◆ **Task statement**
Exactly and only the lines below from the one containing "Hazel Maternity Knit" down to the one containing "Vero Moda Caprihose" are wanted, both included; please exclude every picture.

[[ Data excerpts, beginning ]]

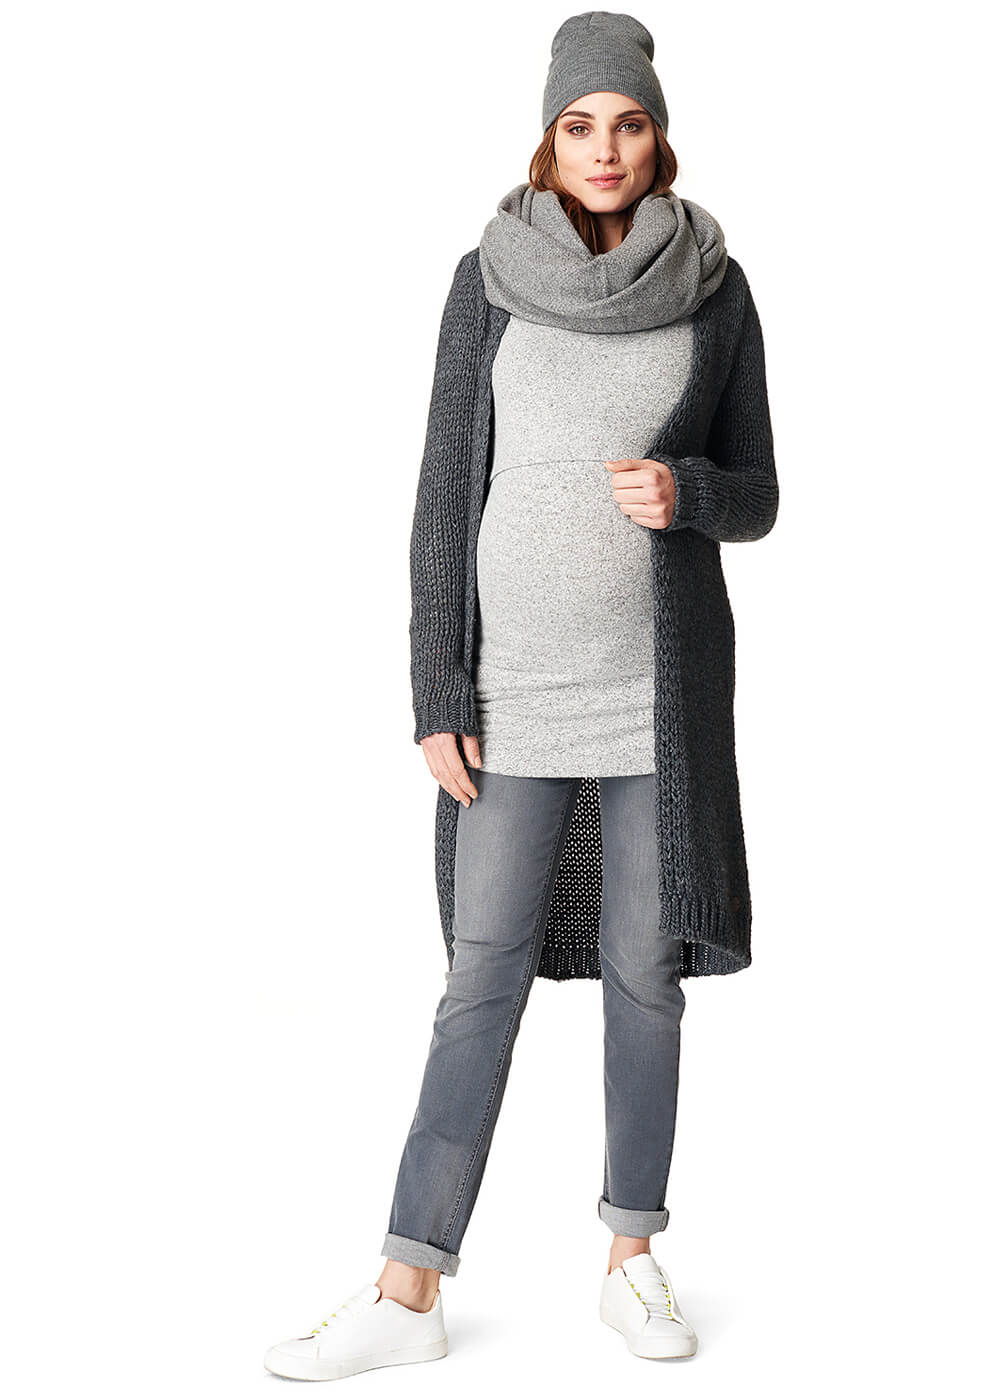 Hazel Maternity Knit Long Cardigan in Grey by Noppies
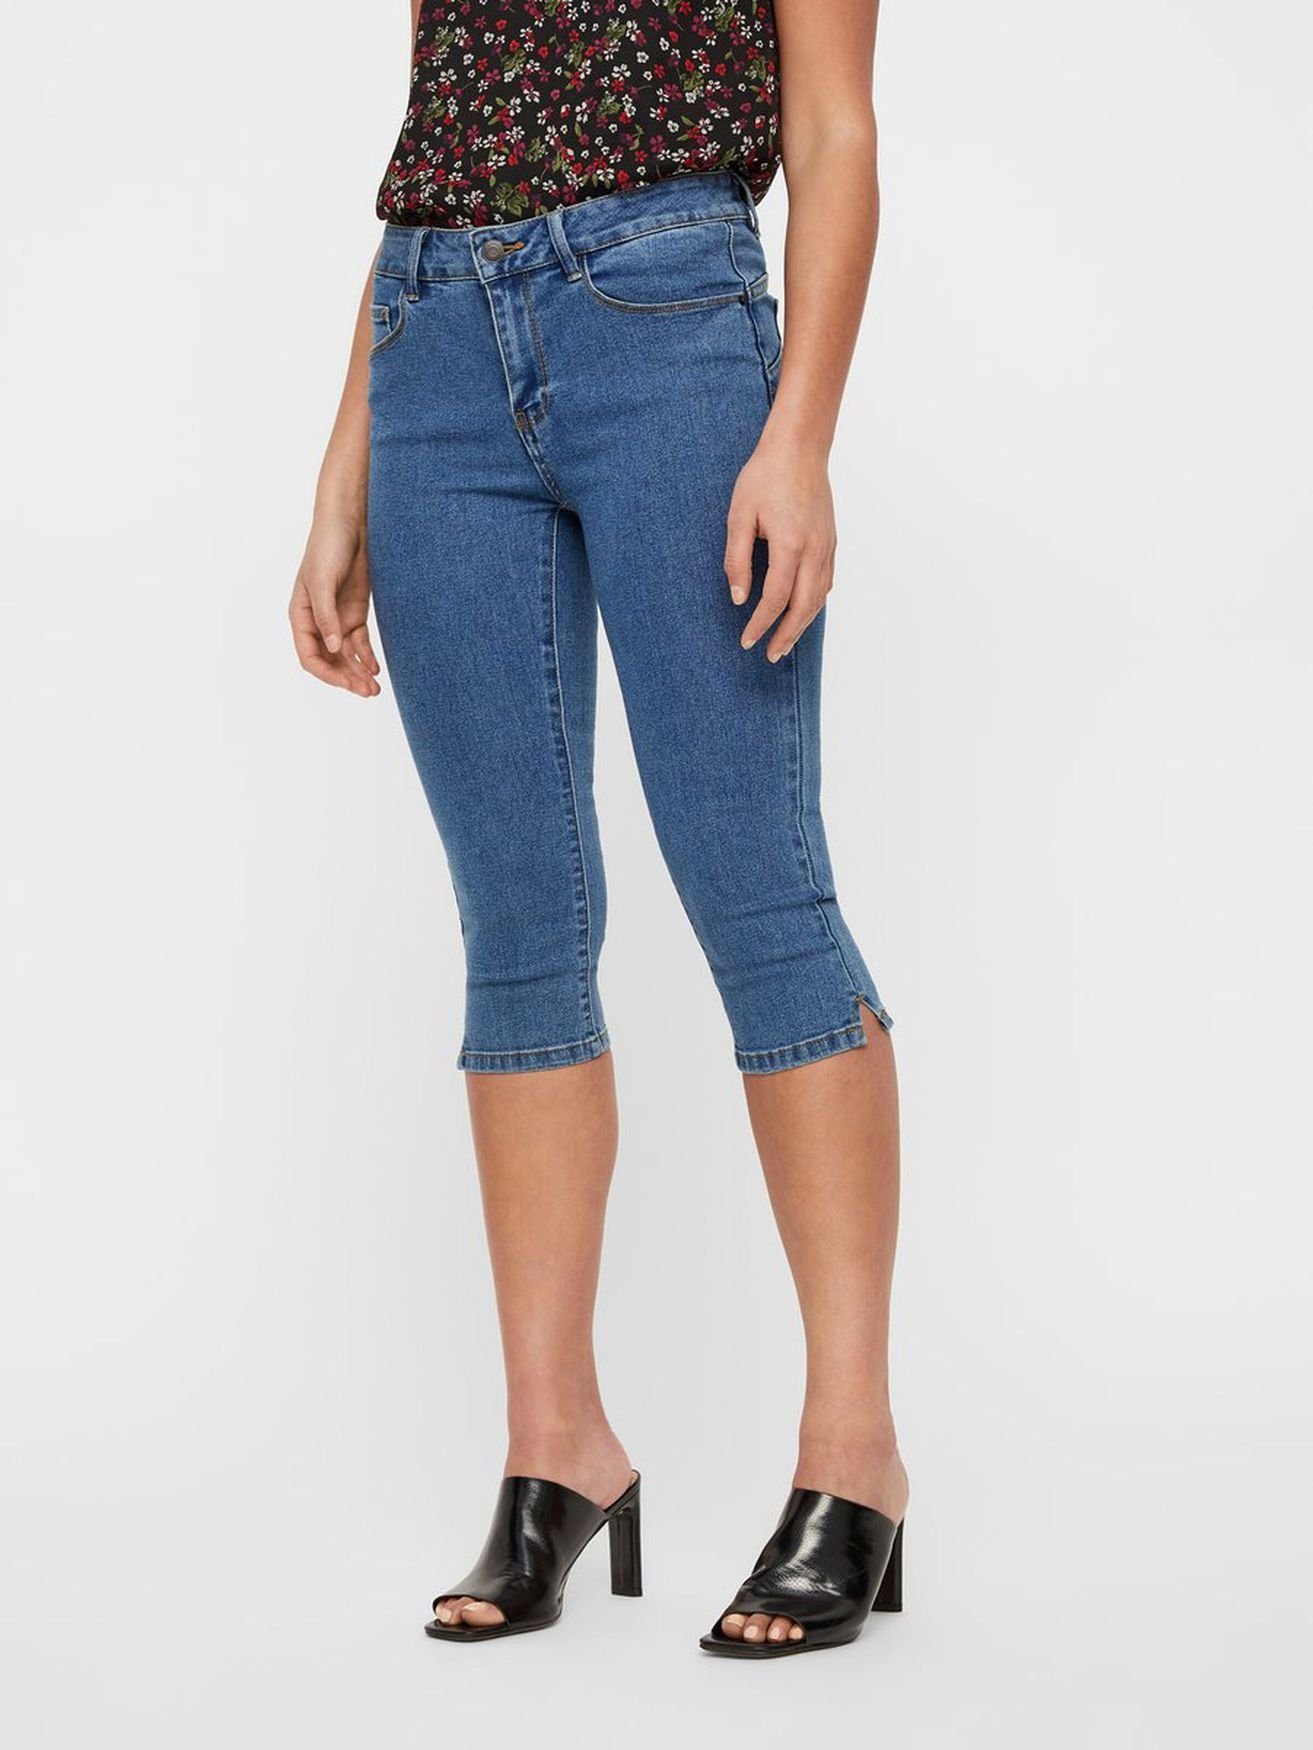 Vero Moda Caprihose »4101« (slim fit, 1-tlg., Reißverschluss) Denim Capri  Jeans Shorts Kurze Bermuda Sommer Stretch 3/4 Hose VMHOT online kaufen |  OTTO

[[ Data excerpts, end ]]
[[ Data excerpts, beginning ]]

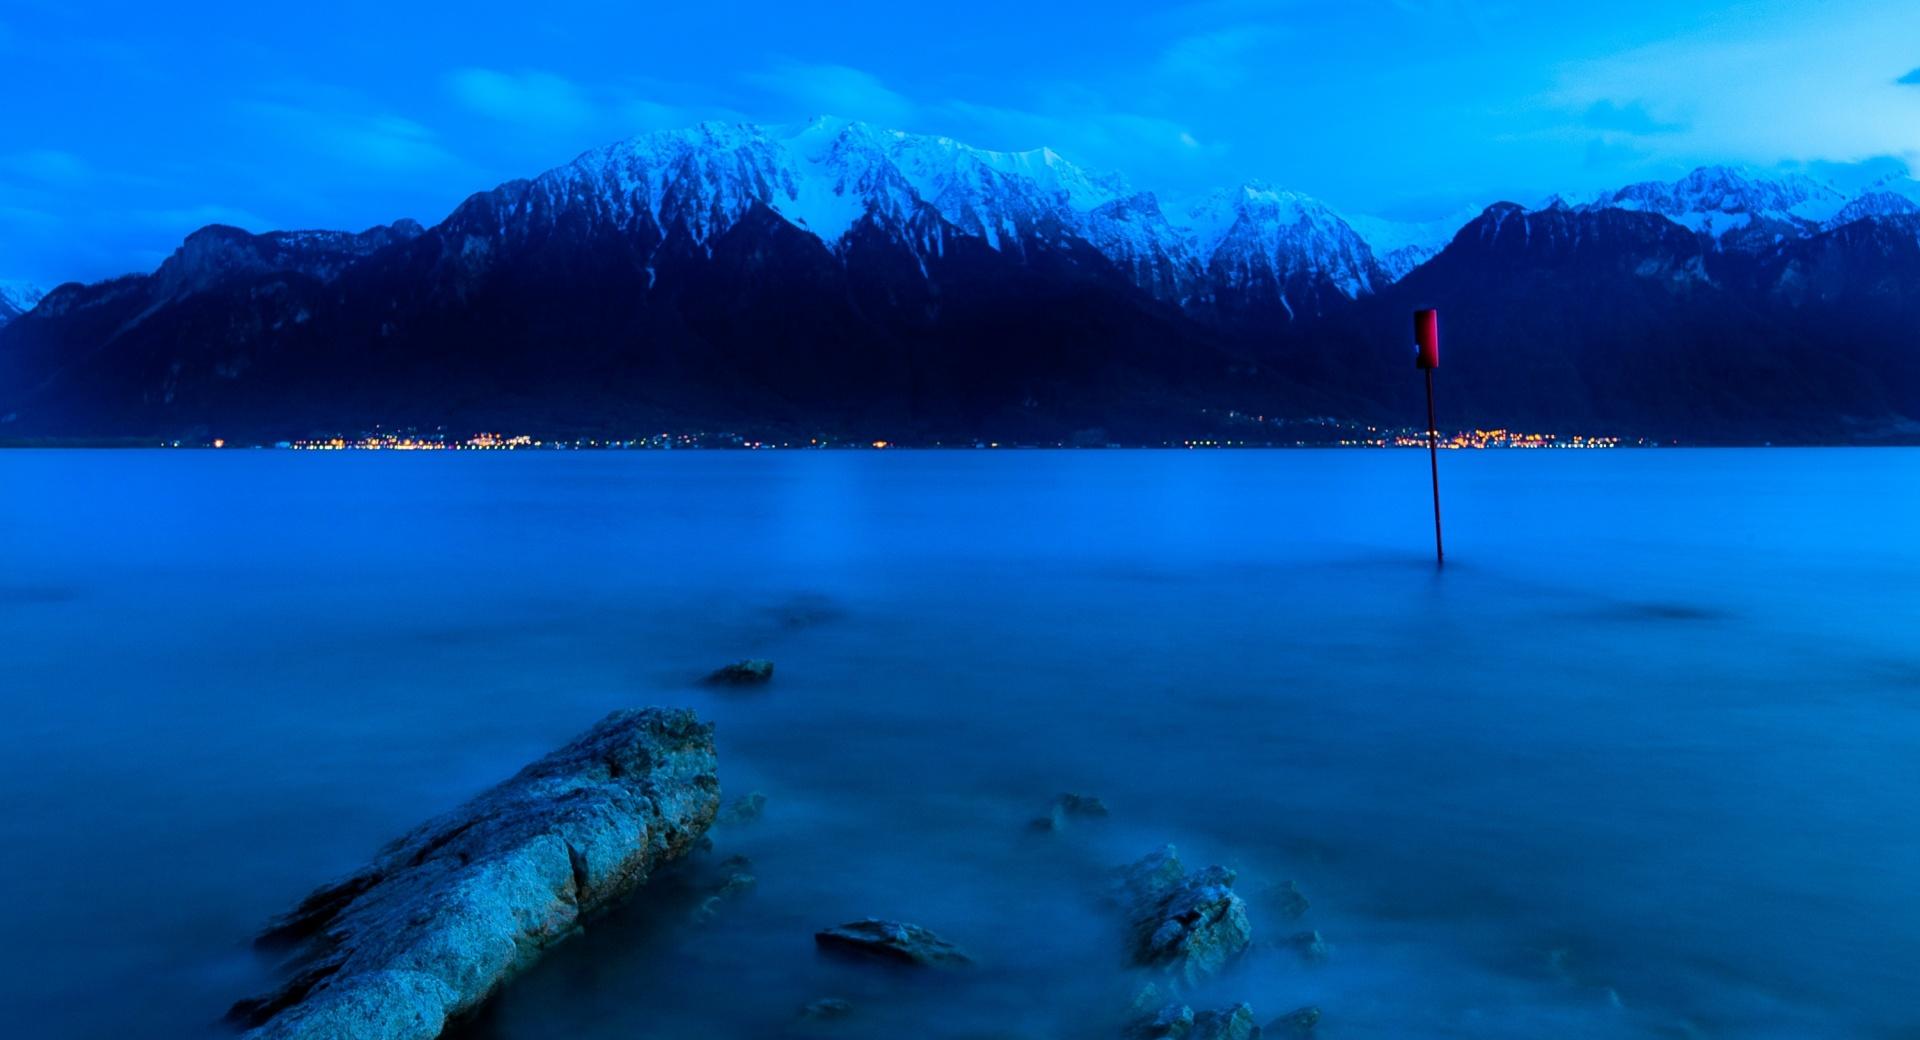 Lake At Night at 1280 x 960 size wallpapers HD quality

[[ Data excerpts, end ]]

◆ **Answer to this exercise**
 Hazel Maternity Knit Long Cardigan in Grey by Noppies
 Vero Moda Caprihose »4101« (slim fit, 1-tlg., Reißverschluss) Denim Capri  Jeans Shorts Kurze Bermuda Sommer Stretch 3/4 Hose VMHOT online kaufen |  OTTO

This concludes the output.